1. II. Amada juventud
Bienes (in)materiales
Sergio tenía treinta cuatro años, un trabajo estable, casa propia, un auto nuevo y un velero. Me
hicieron el contacto para tener una cita a ciegas. Los datos materiales parecían indicar que se trataba de un
buen candidato, muy diferente a todos los que había tenido antes en la perspectiva y opinión de mis amigas.
Además se acercaba el verano y todas ellas, sin excepción, se hacían navegando en el velero, así que me
sugirieron hacer algo contra el calor y sostener una relación hasta que por lo menor estuviésemos en marzo.
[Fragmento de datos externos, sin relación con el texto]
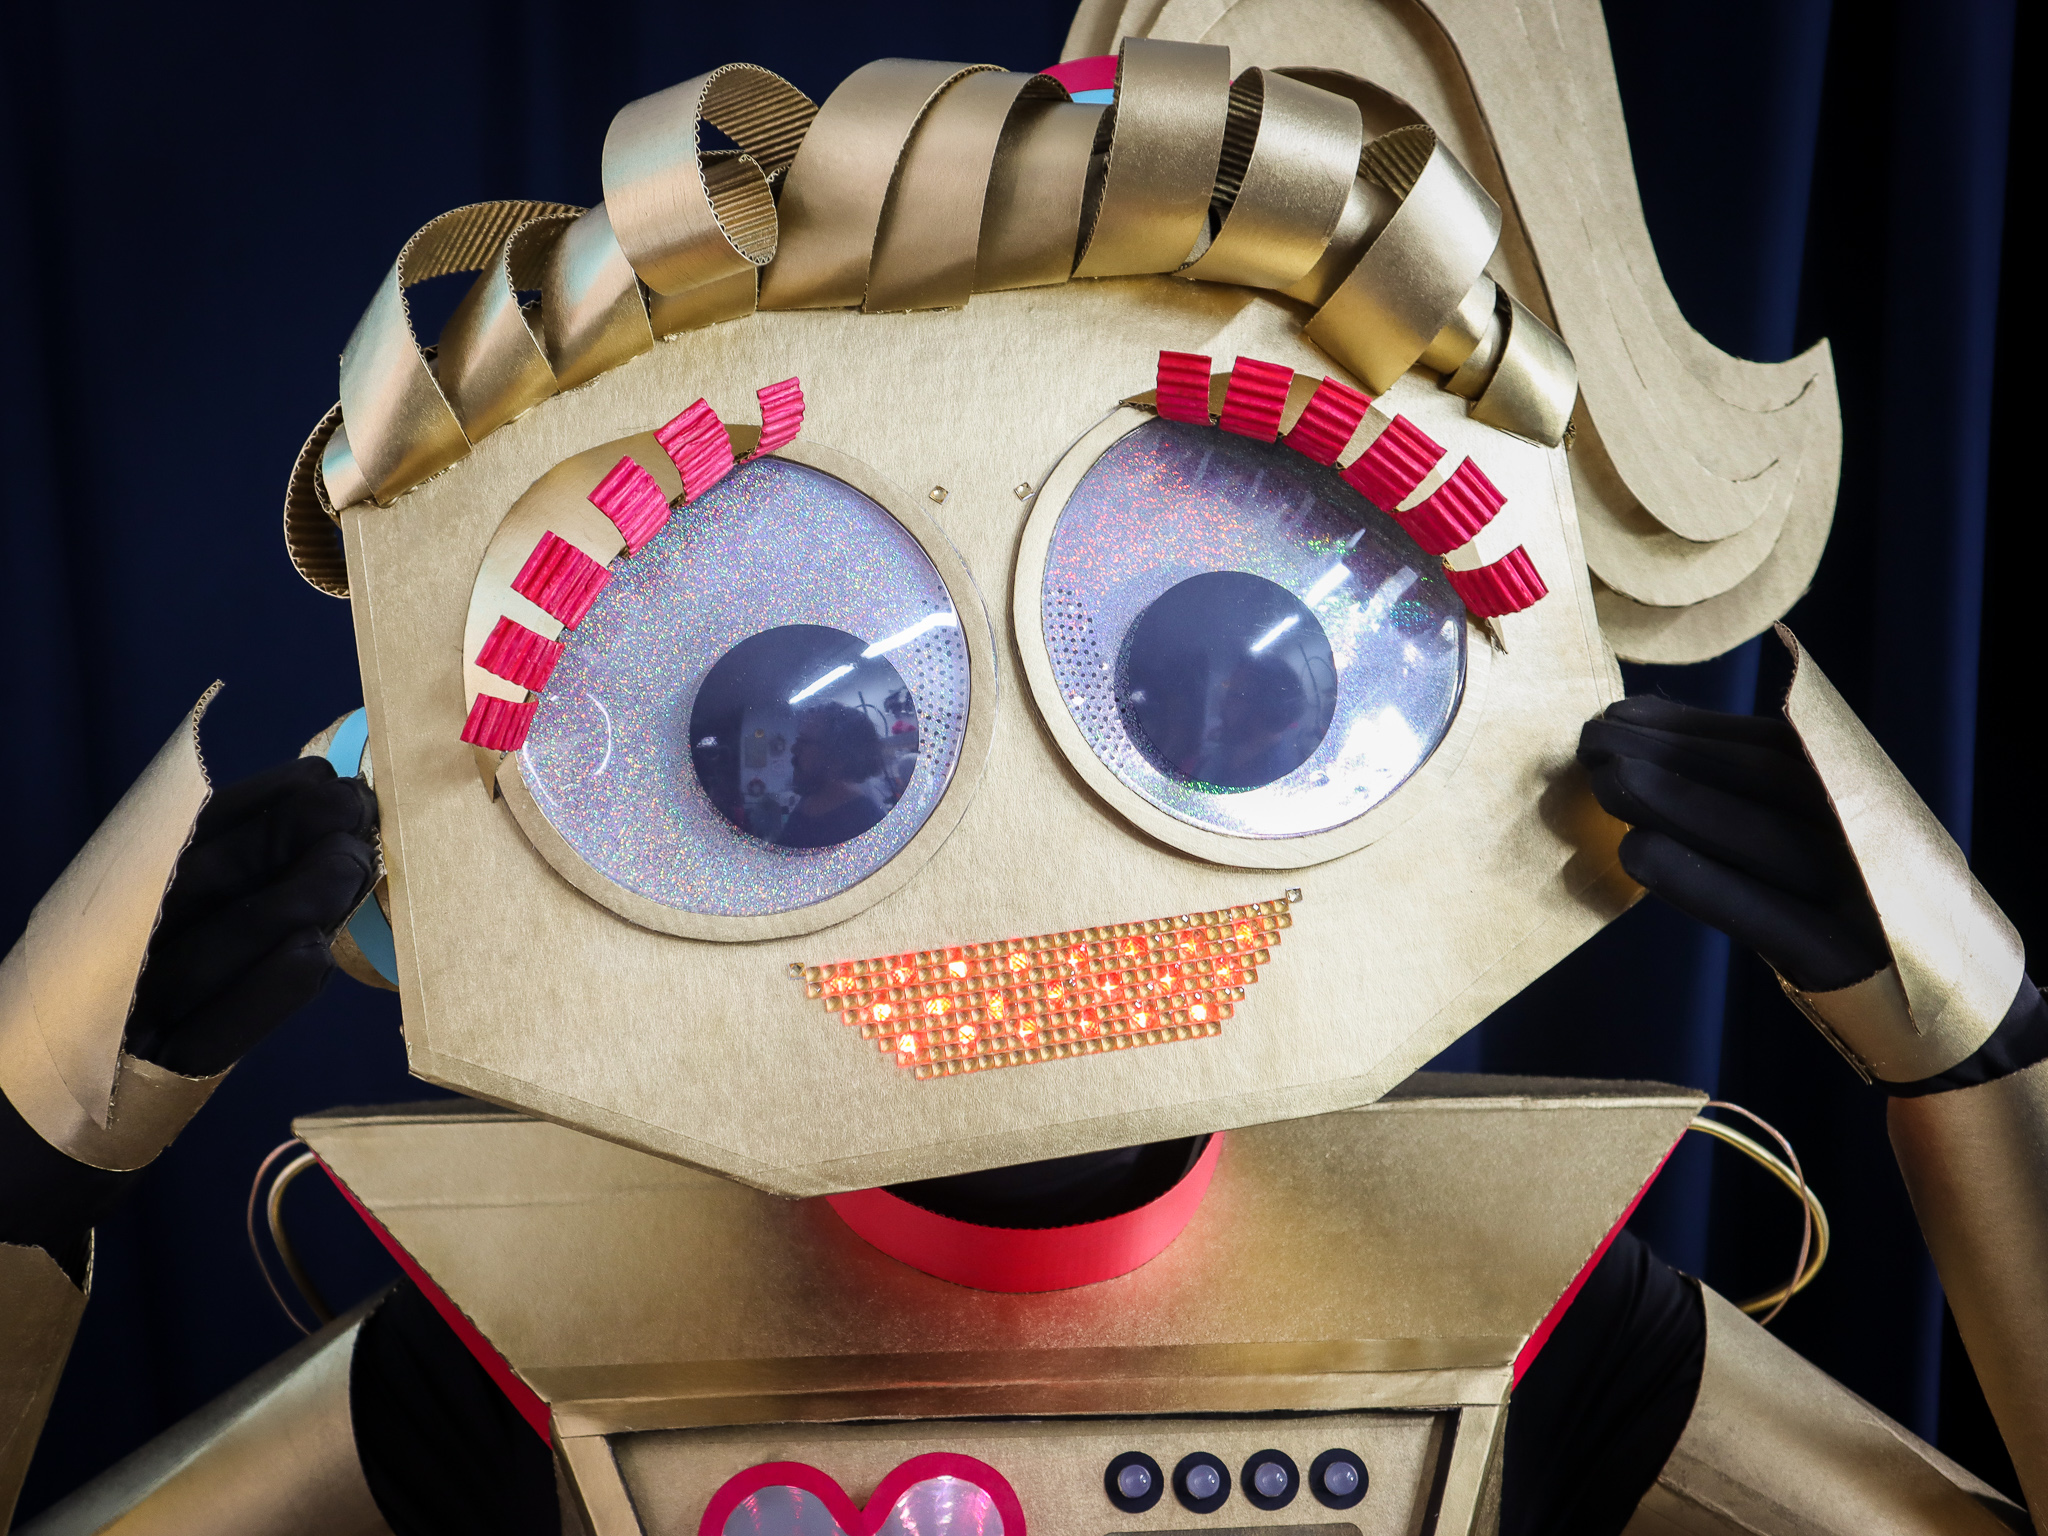 Learn To Make A Cardboard Robot Costume, Infused With Awesome Tech

El me escribió, chateamos y hablamos por teléfono un par de veces hasta que acordamos el
encuentro. Para evitar confusiones, me pasó a buscar a la salida del trabajo. Yo estaba junto a las chicas que
querían verlo, así que disimuladamente (o no tanto) todas se pusieron a hacer como que hacían algo en la
recepción, hasta que llegó. No causó mala impresión, parecía simpático. Nos saludamos y salimos hasta el
estacionamiento donde había dejado el coche. Ahí comentó que tendría que pagar la hora completa y sólo
había lo había dejado diez minutos. Sonrió y me preguntó a dónde quería ir, yo le dije que fuéramos hacia la
zona del río que había varios lugares para comer. Él me dijo que había otro sitio mejor y agarró para una zona
de bares medio bohemios que no me disgustaban pero que tampoco tenían mi onda. Entramos a uno donde
había que estar parados y la música estaba tan fuerte que era difícil poder hablar de algo. Solamente
tomamos una cerveza y salimos. Caminamos un par de cuadras y entramos a otro bar. El pidió otras cervezas
y me preguntó si quería comer algo mientras devoraba los maníes que había dejado el mozo. Miré la carta y
no había demasiado, así que pedí una hamburguesa. Cuando llegó, él se tentó y pensé que iba a pedirse
una, pero no fue así. Me pidió un pedazo y empezó a picotear de las papas fritas que acompañaban el
sandwich. Hablaba y hablaba sobre todo lo que tenía y con cuánto trabajo lo había logrado, por momentos
pensé que él creía que estaba en una especie de entrevista laboral. Yo sólo movía la cabeza asentando
mientras comía la hamburguesa. Pidió otra cerveza y cuando vino, la mezcló con un poco que había quedado
en la otra jarra y se sirvió y me sirvió un poco más a mi. Yo ya estaba un poco mareada con sus historias, no
a causa de la cerveza. Ya no me interesaba si mis amigas no tenían a dónde ir a veranear y pretendían
pasear en velero por el río. Argüí que tenía que levantarme temprano y que debía regresar a mi casa. No
pareció percatarse de mi insinuación y pidió otra cerveza más para él. En ese momento la cosa empeoró
porque a sus historias larguísimas se sumó la falta de juicio por los efectos etílicos. Hubo que pagar la cuenta
y discutió con el mozo por si “acaso su plata no valía”. Inesperadamente sonó mi celular y salí a la calle para
tener señal. Sin mirar hacia atrás, paré al primer taxi que pasó.